You know that think tank press releases are generally bogus. I know they're generally bogus. Even nofundy probably understands that they're generally bogus. Though they may contain information that is technical factual, they twist it, distort it, cover it with veiled hyperbole, and then describe it as "non-partisan research" for the sake of sounding legitimate.

They are not fascinating, except insofar as they give a little thrill to someone who agrees with their agenda and who then dutifully posts it on MeFi to prove to everyone else that their agenda is best, and they have the "non-partisan research" to back it up. They're never right. Ever. The research is always flawed. It is always partisan. Whether it's from a liberal, moderate, or conservative viewpoint, it is always, without fail, Just Another Agenda Post.

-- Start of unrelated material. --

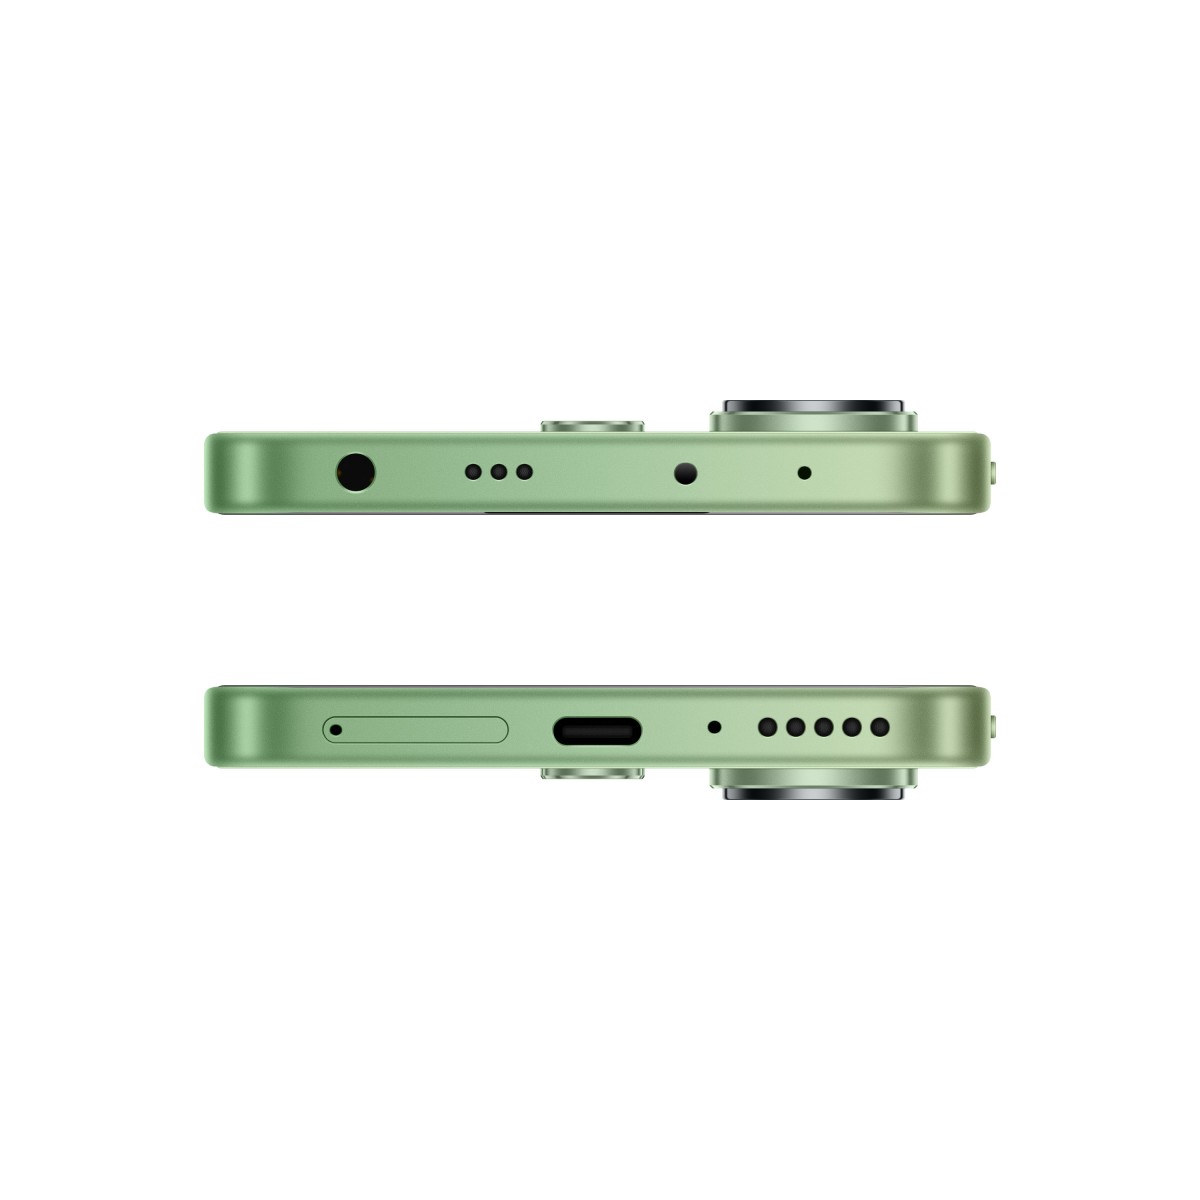 جوال شاومي ريدمي نوت 13 4G ثنائي الشريحة ذاكرة 256 جيجا مع رام 8 جيجا النسخة العالمية - اللون الأخضر

There are a handful of legitimate think tanks out there, but I dare say that their research doesn't give the same partisan "A-ha!" thrill that the biased press releases do. It's unlikely that anything from a legitimate think tank would ever make an FPP here, because they'd generally be regarded as boring.

I do suppose that I was wrong about people changing their minds, though -- I know, because in the not-so-distant past I've posted a few partisan editorials as well, thinking that they'd make great reading for everyone. I learned better.